As such, the signal output through the emitter of the transistor TR ₂ according to the frequency of the input vertical synchronization signal (FIG. 4 (c) (d)) is the capacitor C ₆ and the diode D ₂ D ₃ . And a comparator OP ₁ is applied to the inverting input terminal (-) by a DC power supply through a circuit composed of a condenser (C ₇ ), as described above, to the non-inverting input terminal (+) of the comparator (OP ₁ ). Since the reference voltage of the applied reference voltage terminal Vref is set higher than that of the non-inverting input terminal and the input signal when the vertical synchronization signal of 60 Hz is input, the high potential is output from the comparator OP ₁ so that the diode D ₄ is turned off.

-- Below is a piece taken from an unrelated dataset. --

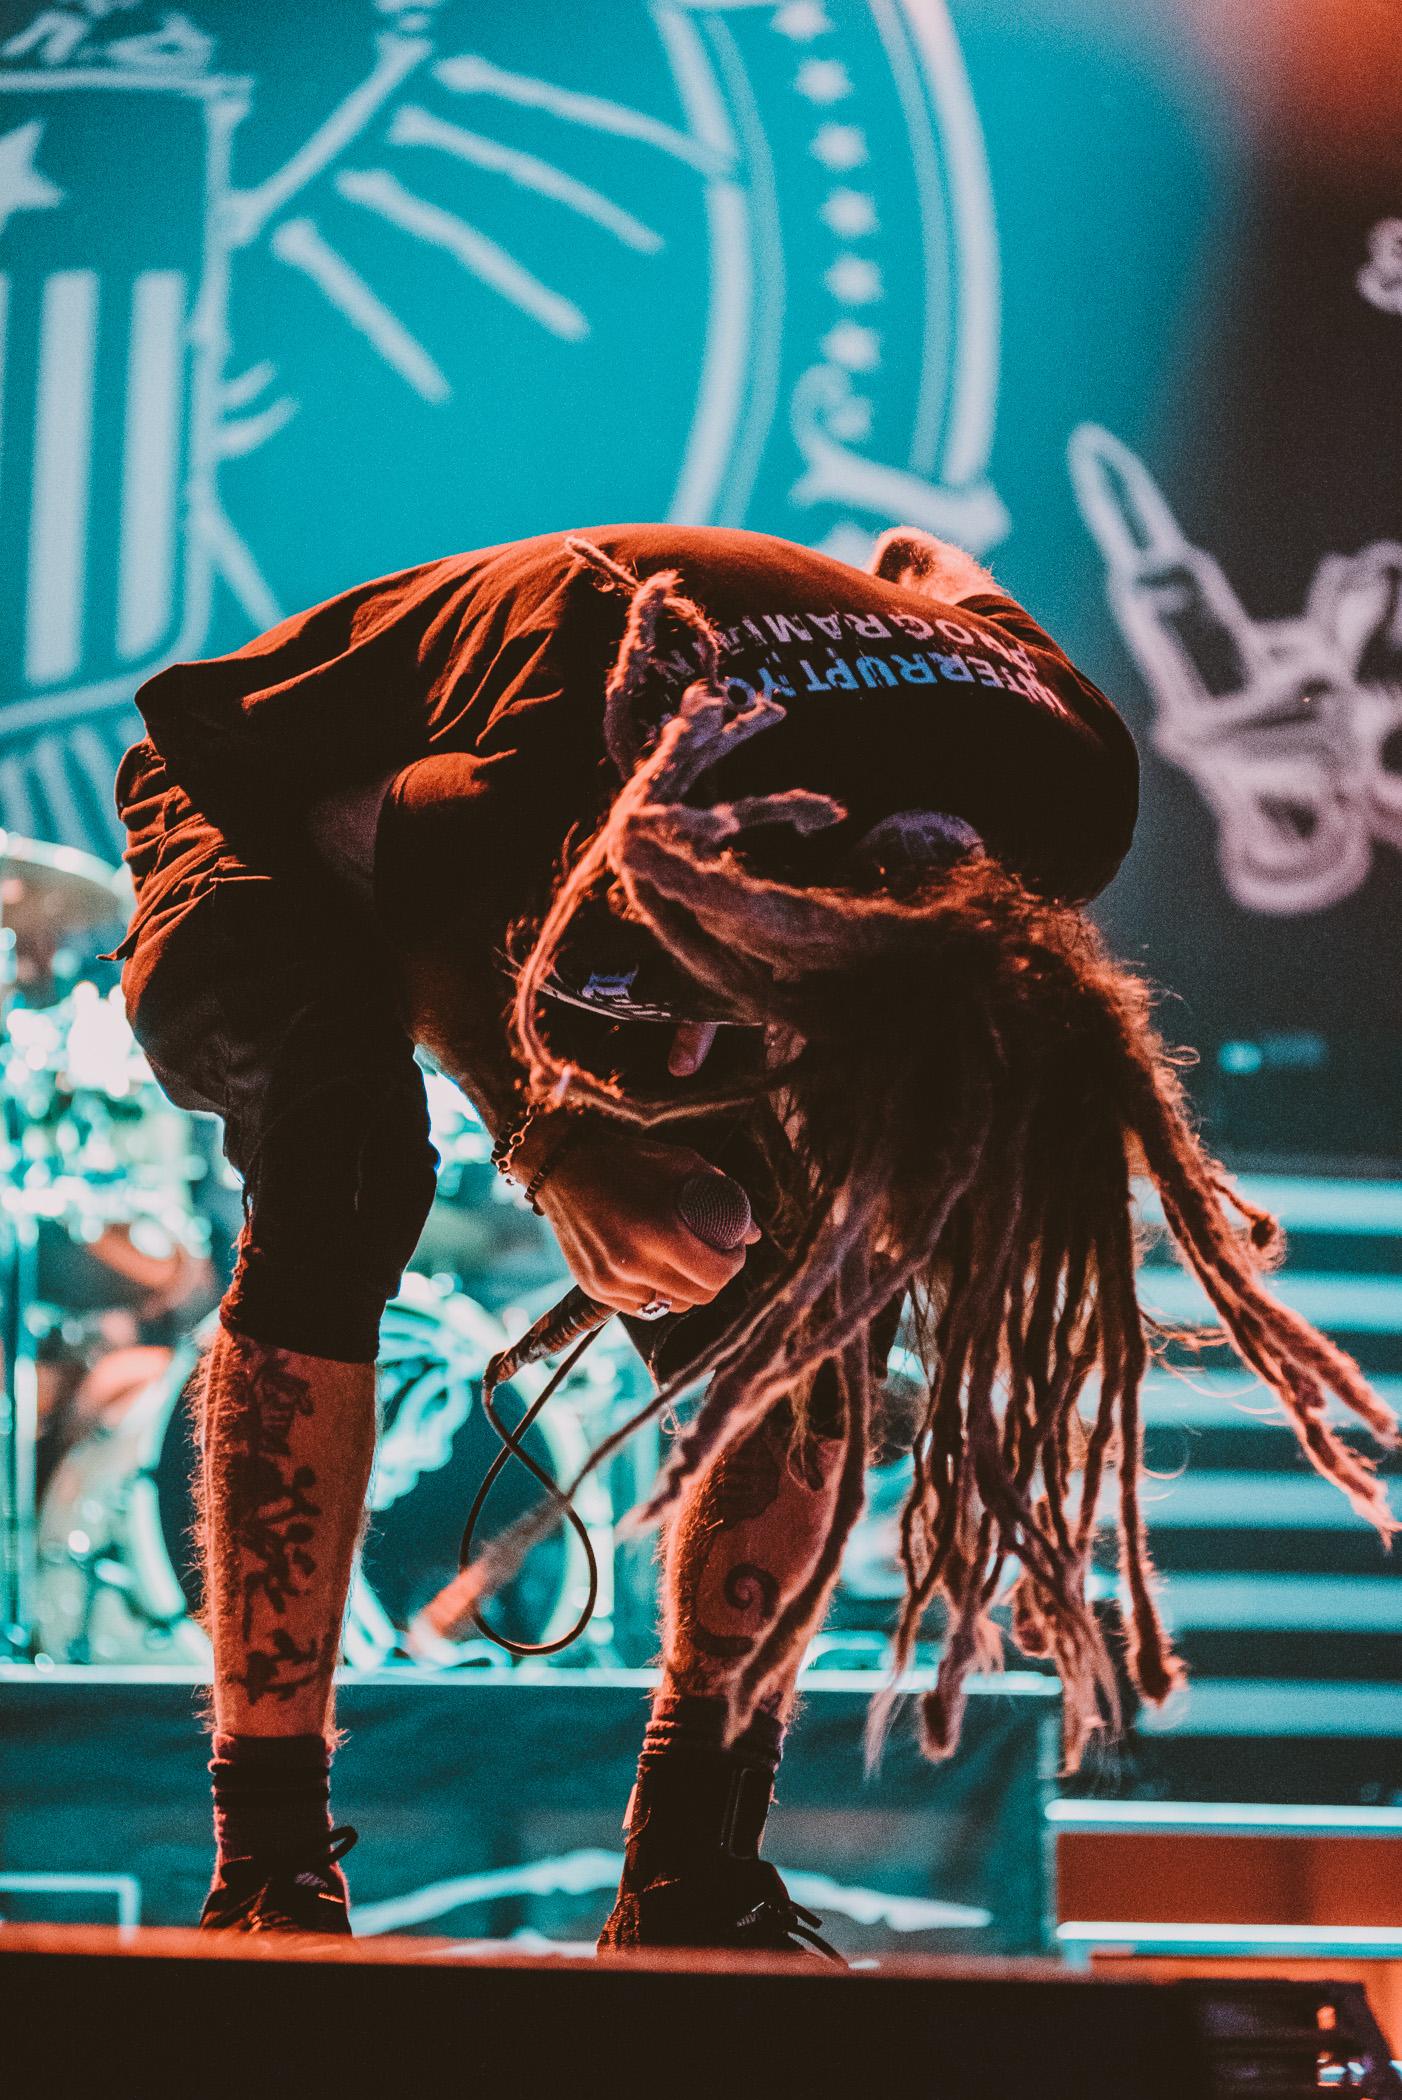 1_Lamb_Of_God-Pacific_Coliseum-Vancouver-Timothy_Nguyen-20180516 (12 of 47).jpg

Accordingly, the circuit allows the vertical oscillation and the vertical size to be fixed and output by the variable resistor VR ₁ (VR ₂ ) set for the first 60 Hz vertical synchronization signal, and when the vertical synchronization signal of 50 Hz is input, the 60 Hz. In contrast to the case of the output terminal of the comparator (OP ₁ ) is a low potential A diode (D ₄₎ is turned on, so that in the diode (D ₄₎ of the variable resistor (VR ₃₎ (VR ₄₎ and the diode flows the current variable resistance through (D ₄₎ (VR ₃₎ connected to the The base potential of the transistor TR ₁ is lowered so that the vertical oscillation frequency obtained from the emitter thereof is automatically adjusted according to the 50Hz vertical synchronous signal input. As described above, the vertical size becomes larger than that of 60Hz. Since a current flows through the variable resistor VR ₄ connected to the variable resistor VR ₂ , the vertical size is automatically adjusted to a predetermined value by setting the value of the variable resistor VR ₄ .

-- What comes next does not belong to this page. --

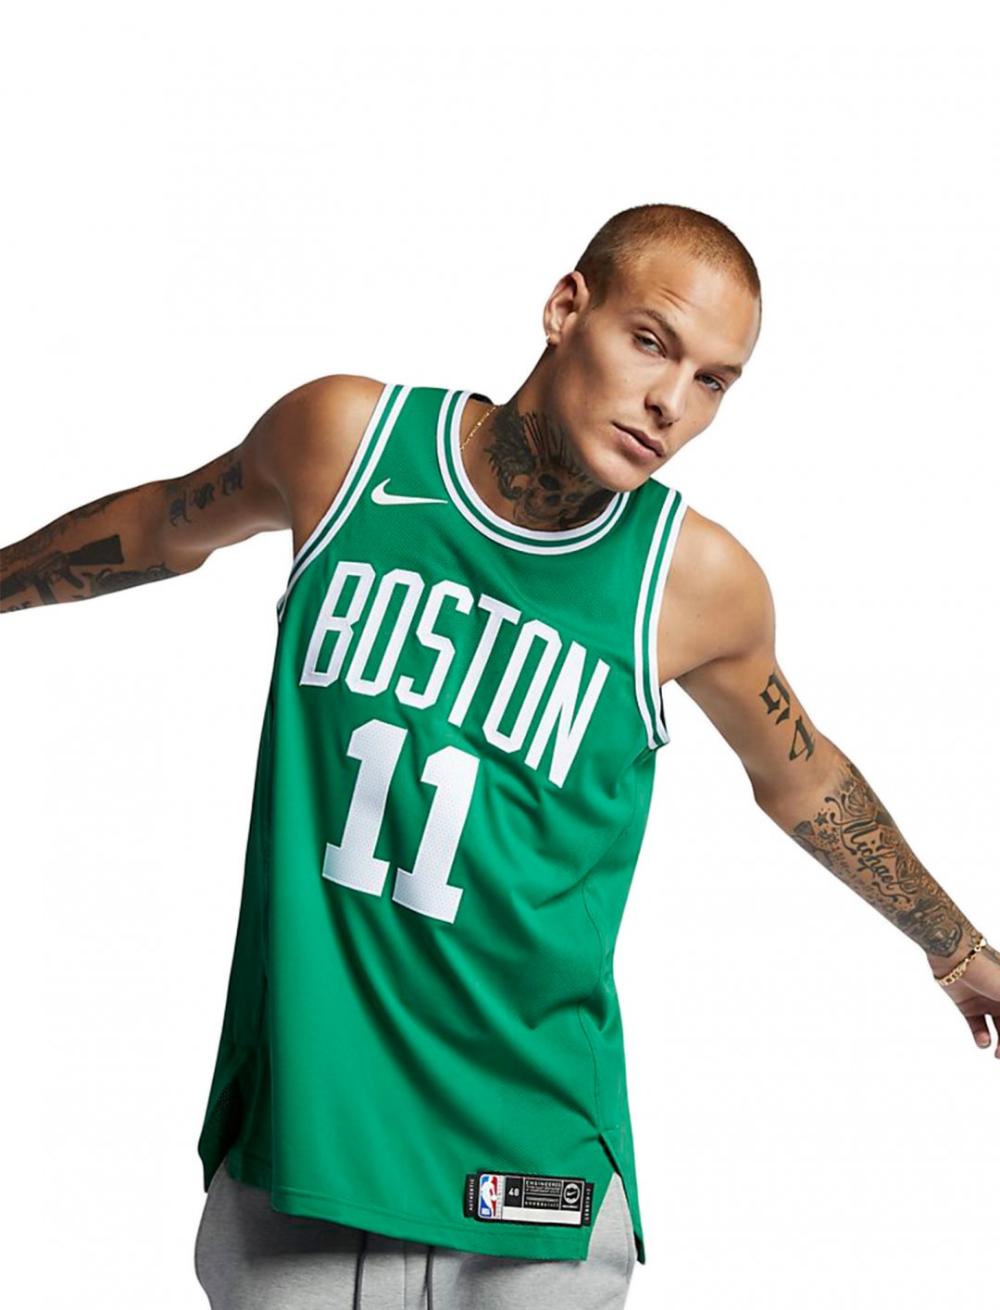 Kyrie Irving Jersey, Green, Celtics, Nike | Post Kulture | Boston celtics, Kyrie  irving celtics, Jayson tatum

As described above, according to the present invention, as the frequency of the input vertical synchronization signal becomes 50 Hz / 60 Hz in the vertical deflection circuit, the value of the variable resistor for vertical oscillation frequency adjustment and the variable resistor for vertical size adjustment is changed to the vertical synchronization signal of the corresponding frequency. The correct vertical oscillation frequency and the vertical size are automatically adjusted to solve the inconvenience of manually adjusting the frequency selection, and the unification of the circuit has the effect of simplifying the circuit configuration and reducing the cost.

Claims (1)

The vertical synchronous signal input terminal Sv is connected to the base of the transistor TR ₁ through the resistor R ₁ and the capacitor C ₁ , and one side of the emitter is connected to the power supply terminal B ⁺ through the resistor R ₆ . In the vertical oscillation frequency and vertical size control circuit connected to the vertical oscillation output terminal So via a capacitor C ₁ and a variable resistor VR ₂ connected to the vertical oscillation signal input terminal, the vertical synchronous signal input terminal Sv is a resistor R. ₇ ) and the capacitor C ₇ are connected to the base of the transistor TR ₂ , and its emitter is connected to the capacitor C ₅ , one side of which is connected to the power supply terminal B ⁺ , and the connection point thereof is the capacitor C ₆ . , Through the diode (D ₃ ) and the ground capacitor (C ₇ ) is connected to the inverting input terminal of the comparator (OP ₁ ), its output terminal through the reverse diode (D ₁ ) and then the variable resistor (VR ₃ ) (VR ₄ ) through vertical to pearl, it characterized in that the configuration, each connected to the resistor (R ₁₎ and a capacitor (C ₁₎ and connection points perpendicular oscillation output terminal (So) And can automatically adjust the vertical size of the circuit.